After a 4 or 5 year hiatus, I’ve resumed brewing beer. Here’s the recipe I made last night. I’m calling it Oxtail Ale because I’m hoping it will be ready in time to serve at my Lunar New Year dinner party, celebrating the year of the ox… and because as the wort boiled, I was marinating oxtails for a test recipe.
Brewing was a bit of a mess since I’m out of the habit, but a few drops of burned malt and a separate boil for the finishing hops shouldn’t do any harm. I realize this isn’t the sort of recipe anyone is looking for on my blog, but I keep it here so I won’t forget or lose it.
- 0.5# Special Roast malt
- 1# Crystal Malt (40L)
- 5.5# amber malt extract
- 1 oz.
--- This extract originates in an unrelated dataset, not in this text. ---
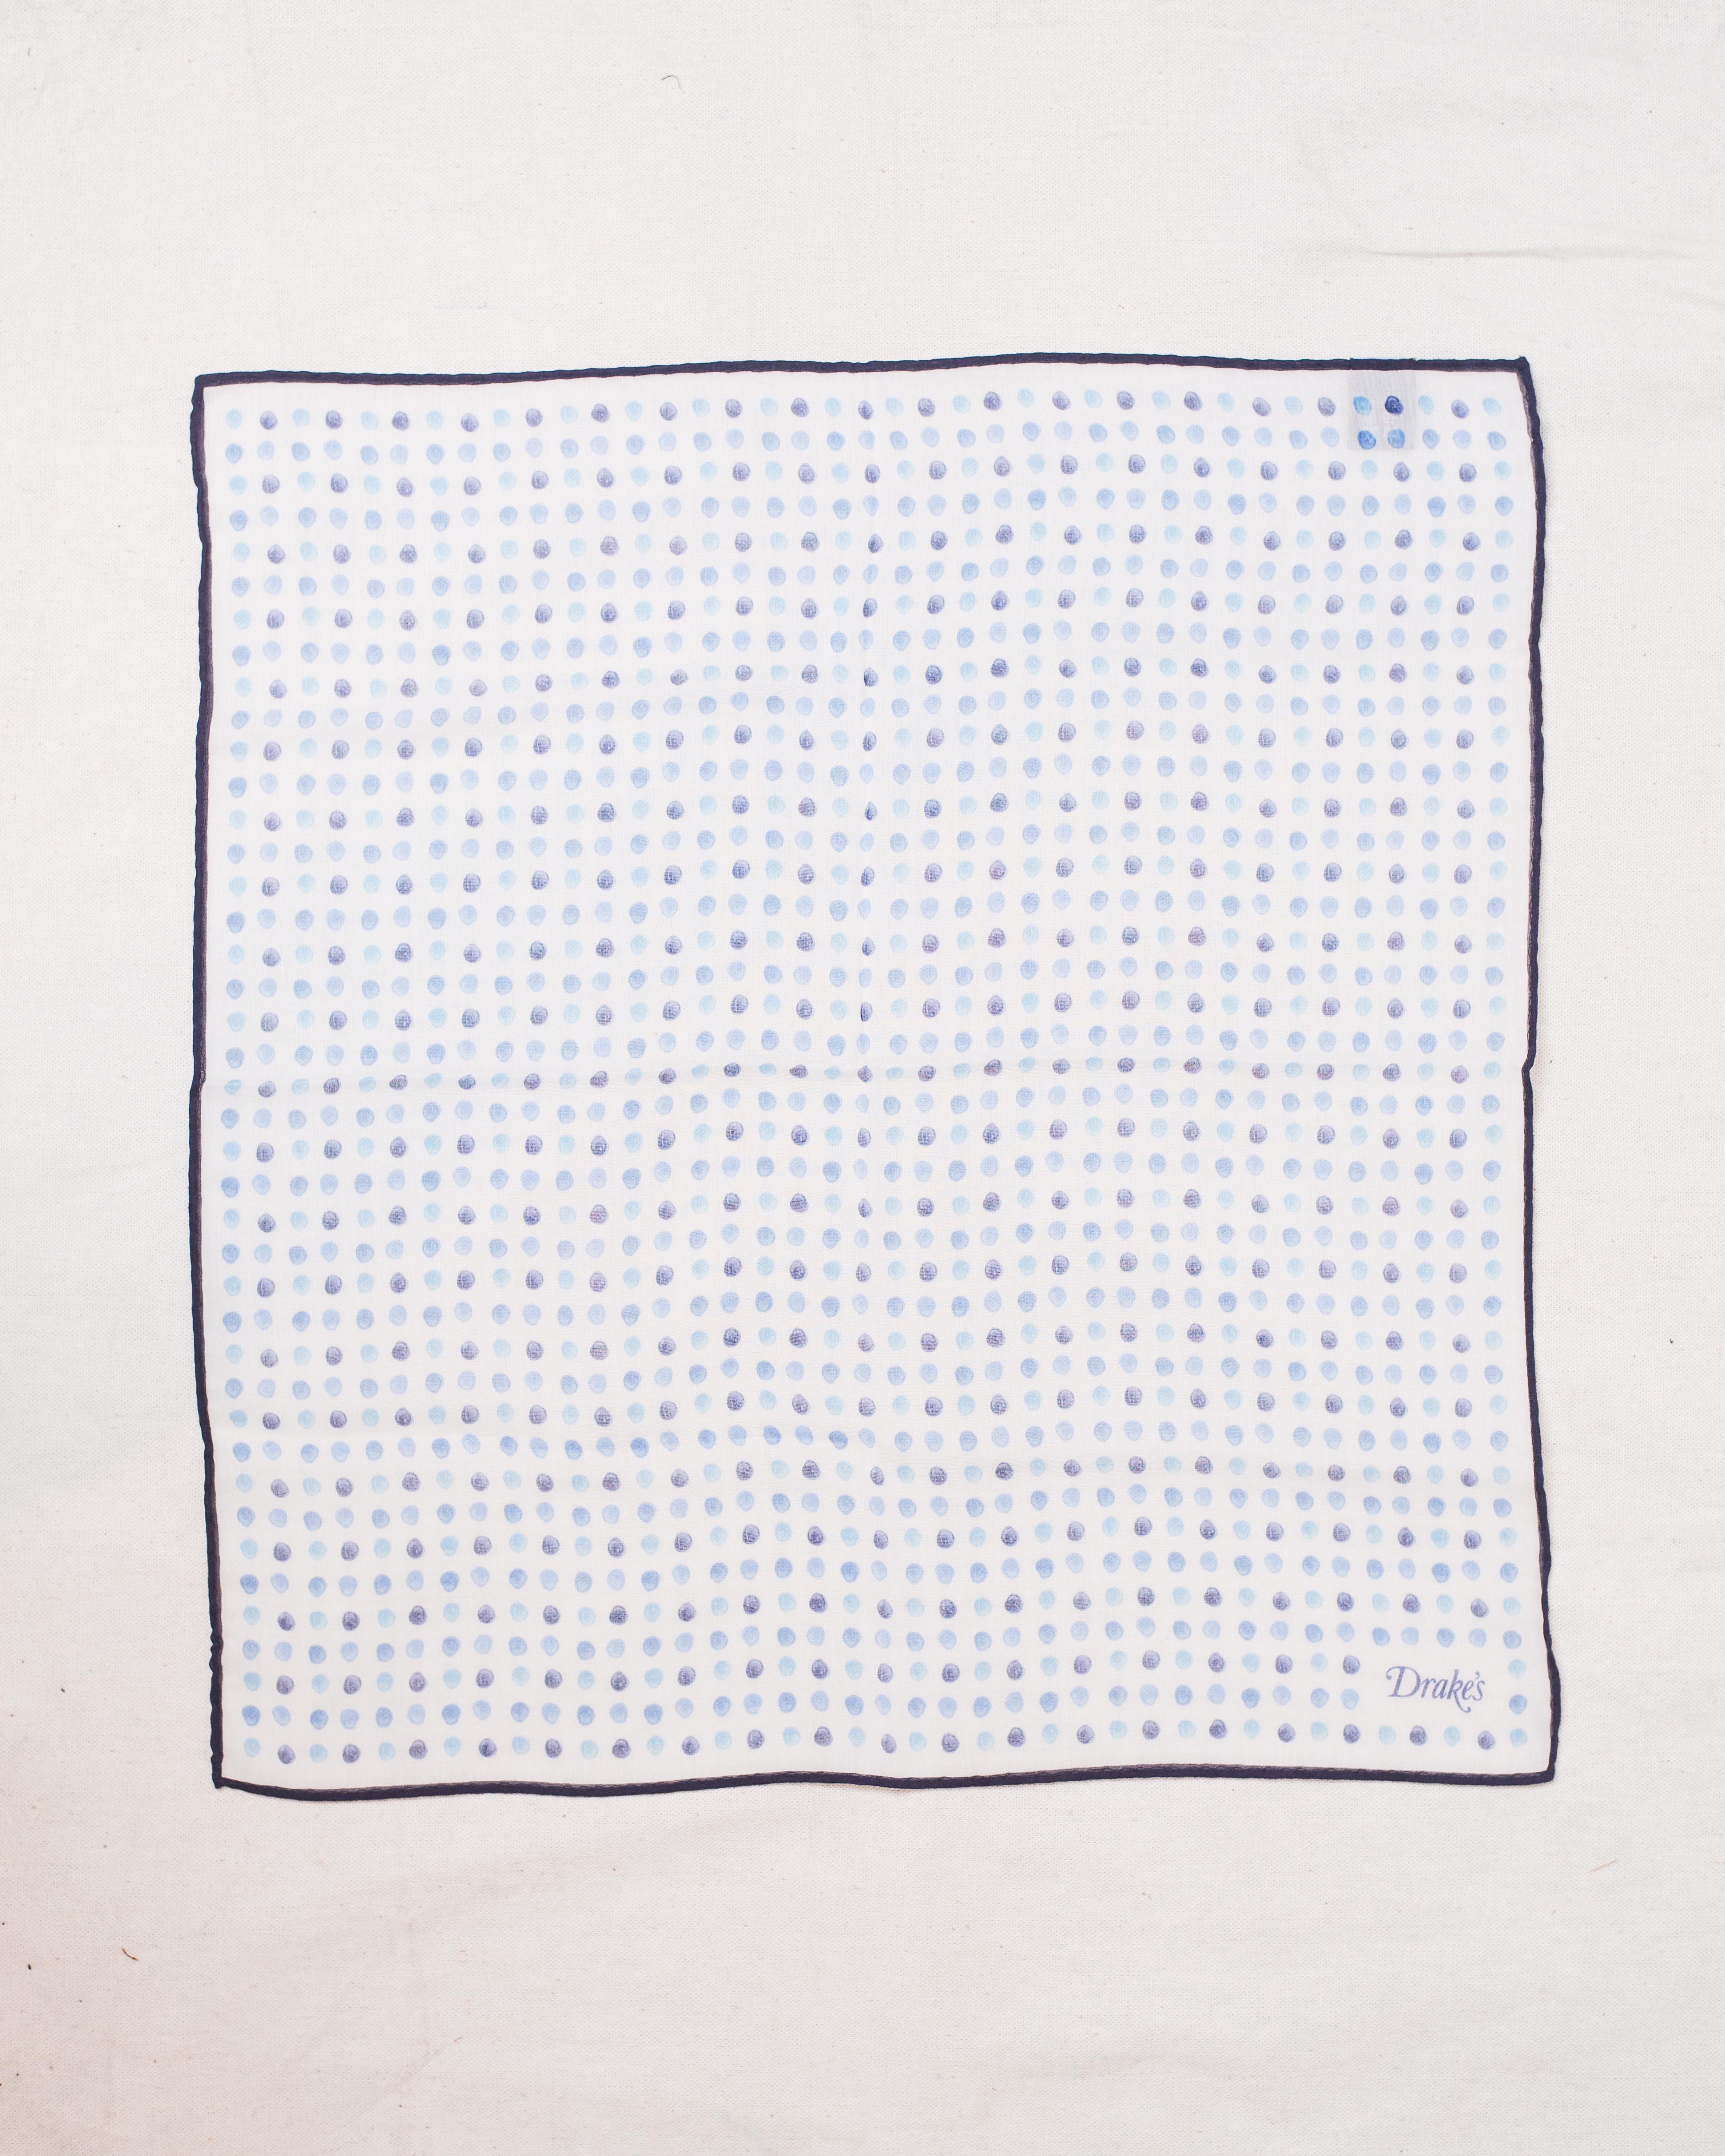 Small Polka Dots (Whole), Drake's - The Signet Store

Centennial hops
- 1 oz. Tettnanger hops (pellet)
- Dry English ale yeast (Safale s-04 11.5g packet)
- Heat 1.5 gallons of water to 160 degrees.
- Crack grains with a rolling pin, tie up in cheesecloth and submerge in water. Steep for 1/2 hour.
- Remove grains from water, add 1 gallon tepid water, malt extract and Centennial hops, stirring to dissolve extract.
- Boil wort for one hour, adding Tettnanger hops for last minute of boil.
- Pour 2 gallons cold water into fermenter, Strain and sparge wort into fermenter. Add water to make 5 gallons.
- When temperature drops below 75, add yeast, stopper and fermentation lock.
(Note original gravity reading: 1.022, but it looked less dense at the top, where I poured from into my hydrometer flask)
I so can’t wait to try it!
OH NO! Brewtastrophe you say?
Mmm I remember how delicious last year’s Lunar New Year party was. Hope I can attend again!
Brewtastrophe averted, Rogue! I came home to discover that I used a packet of the randiest yeast on Earth. Unwilling to just make sweet love to the sugars, it’s throwing a raging fermentorgy in my carboy. There was beer foam all over my kitchen.
I feared the worst, but the kindly folks at the HomeBrewTalk Forums say not to worry and offer a simple solution to keep my fermenter locked without turning my kitchen into a giant beer bubble bath.